Diana me miró con una sonrisa traviesa.

—Bueno, parece que hoy nos toca matar el tiempo antes de entrenar.

Me reí, una risa grave que resonó en el pecho.

Me acerqué a ella, cerrando la distancia.

El aire entre nosotros estaba cargado, lleno de electricidad, de algo nuevo, algo que habíamos descubierto en la Sala de los Ecos y en la pequeña choza del bosque.

—Me parece un excelente plan de calentamiento —respondí, mi voz apenas un murmullo.

Lo que siguió fue un redescubrimiento.

La última vez que nuestros cuerpos se habían encontrado, había sido en la Sala de los Ecos y en la cabaña del bosque, ambas, una danza de tres.

Ahora, éramos solo dos.

La dinámica era diferente, más íntima, más enfocada.

Nuestras miradas se sostuvieron por un largo segundo.

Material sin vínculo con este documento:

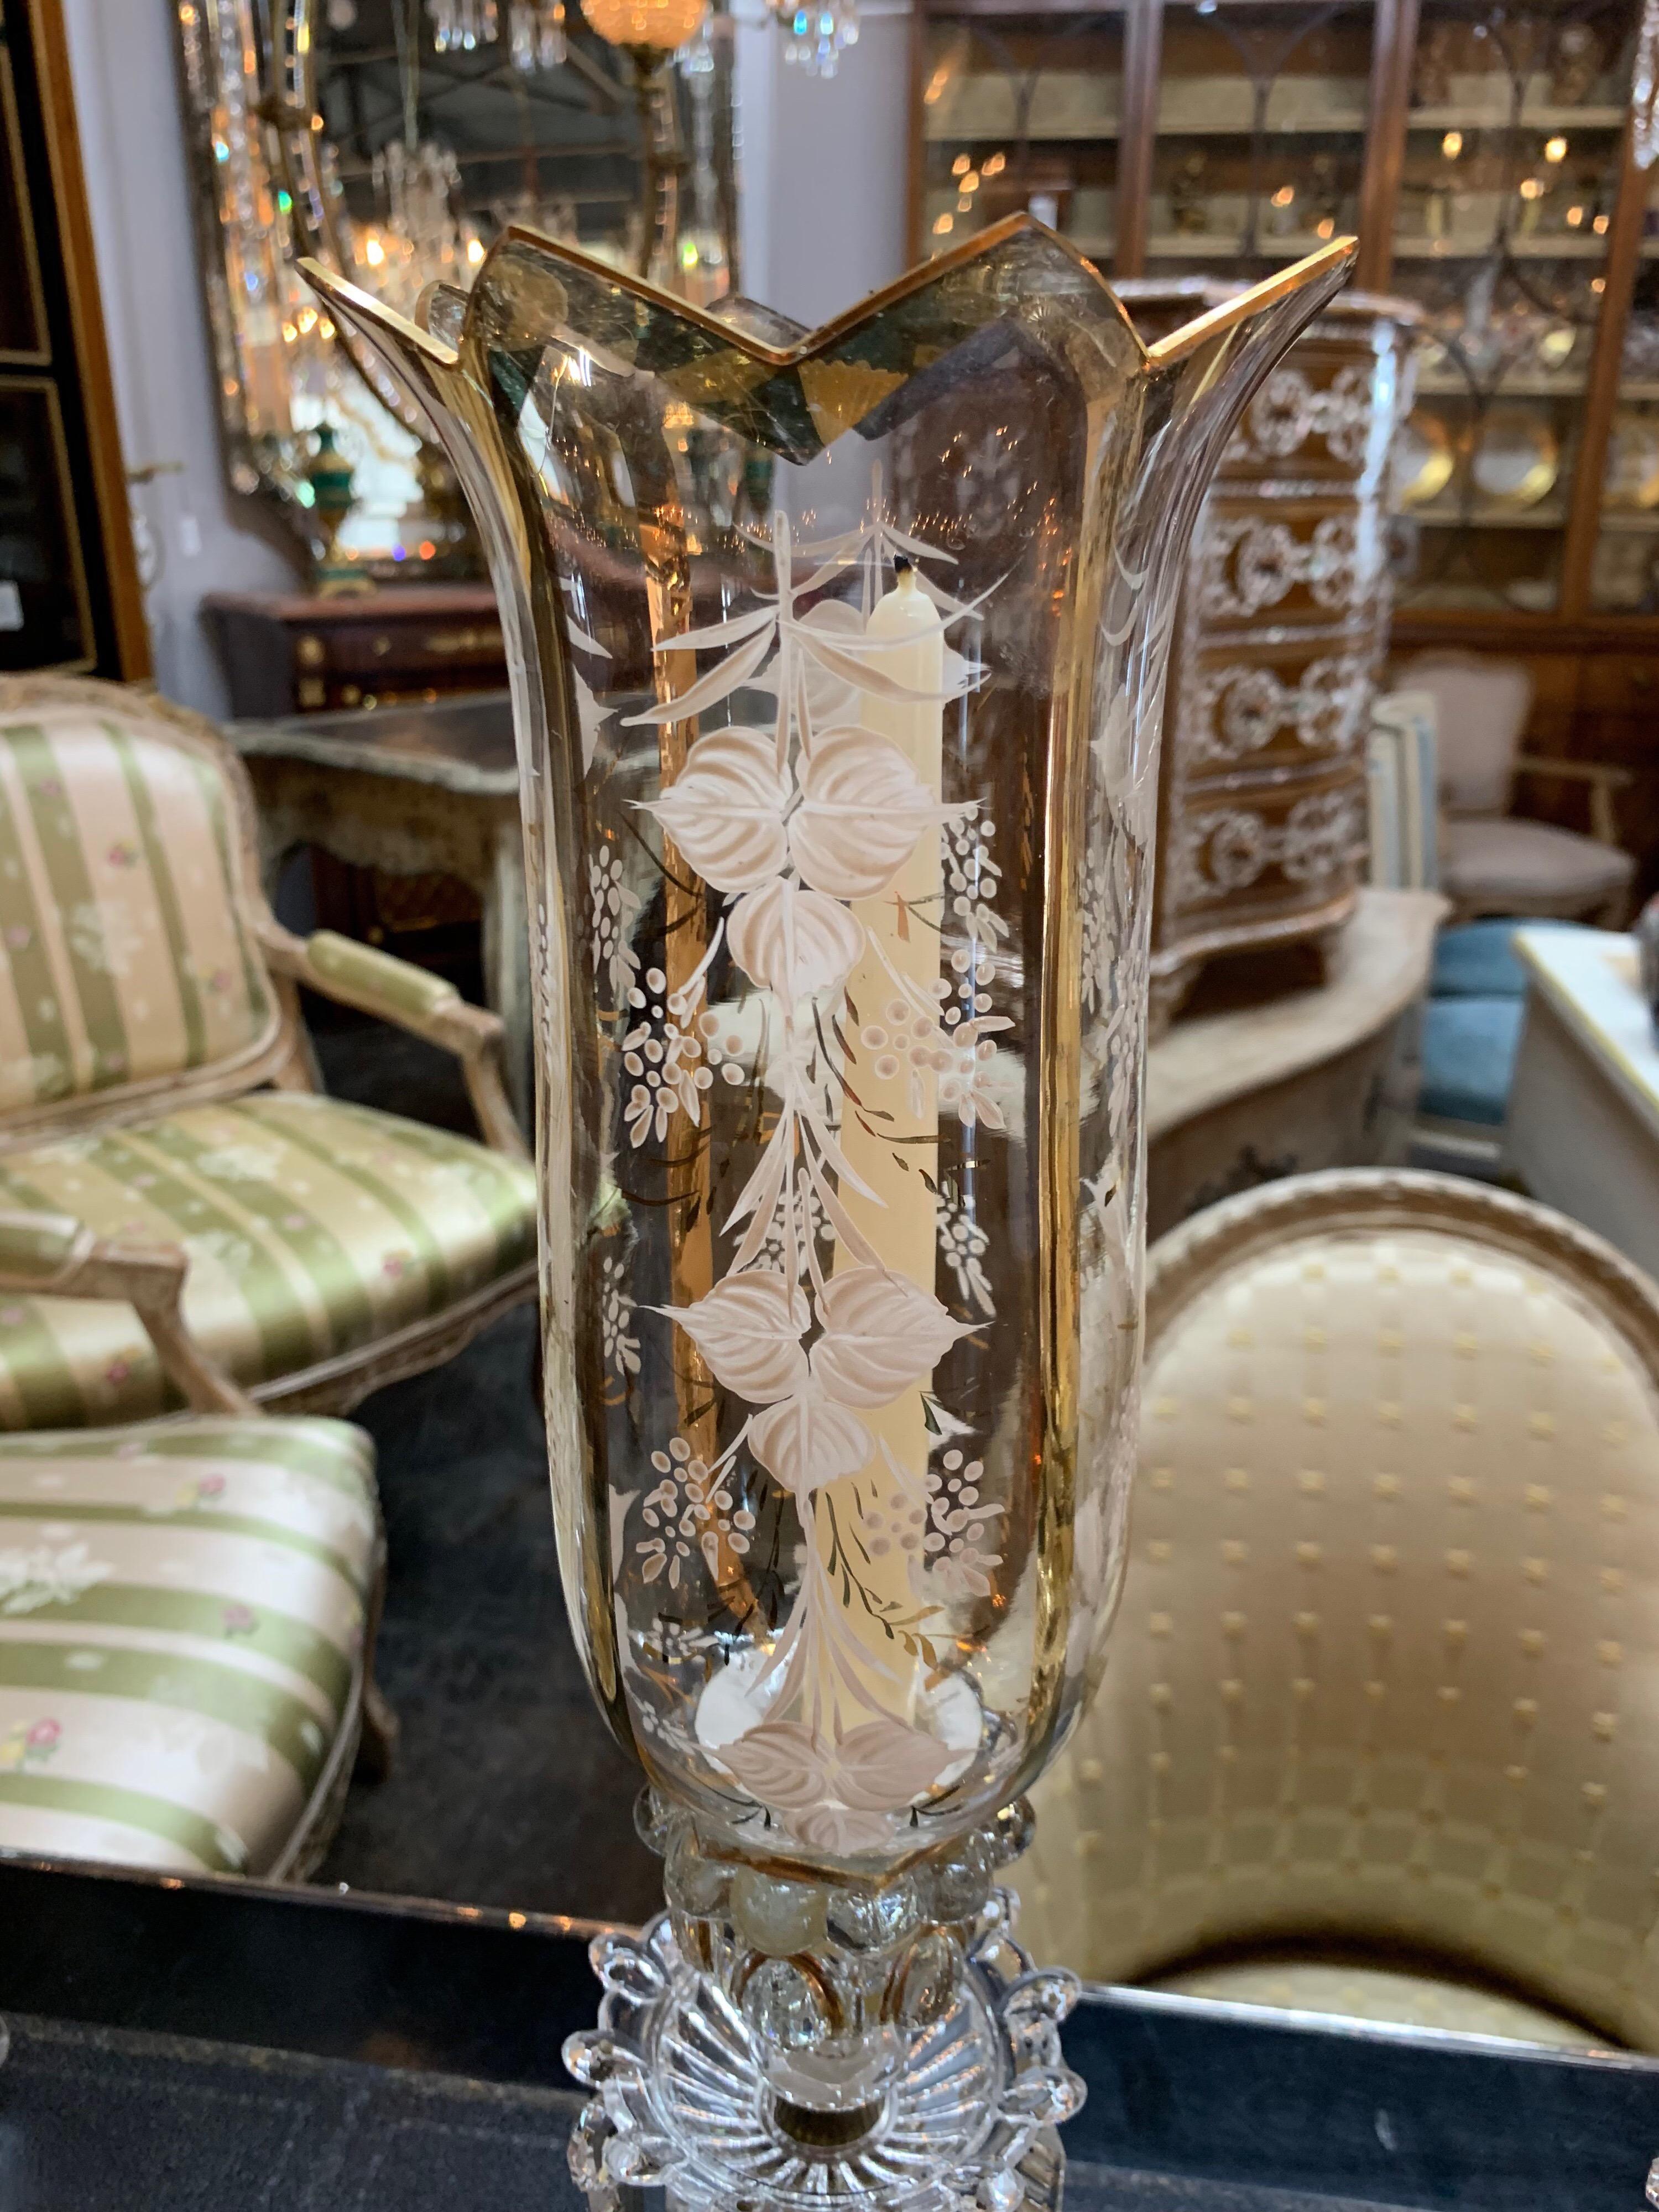 Very nice pair of French Baccarat crystal hurricane lamps with enamel overlay. A beautiful accessory for a fine home.

Vi en sus ojos un universo de energía chispeante, pero también vi la vulnerabilidad que me había mostrado en la azotea, la lealtad que había demostrado en el bosque.

Ya no era solo una amiga parlanchina.

Era, mi Diana.

El primer movimiento fue mío.

Llevé mi mano a su mejilla, mi pulgar acariciando la suavidad de su piel.

Ella no retrocedió, se inclinó hacia mi tacto, cerrando los ojos con un suspiro que fue casi una rendición.

—Víktor…

—susurró, y mi nombre en sus labios sonó como una pregunta y una respuesta al mismo tiempo.

La besé.

No fue como los besos que compartía con Samara, que eran como una tormenta de ozono y magia ancestral, un choque de voluntades.

Este beso fue como probar el sol.

Era cálido, brillante y lleno de una vida arrolladora.

Sabía a café, a la dulzura del desayuno que habíamos compartido, y a una honestidad tan pura que me desarmó.

Sus labios, al principio tímidos, respondieron con un entusiasmo que era tan característico de ella.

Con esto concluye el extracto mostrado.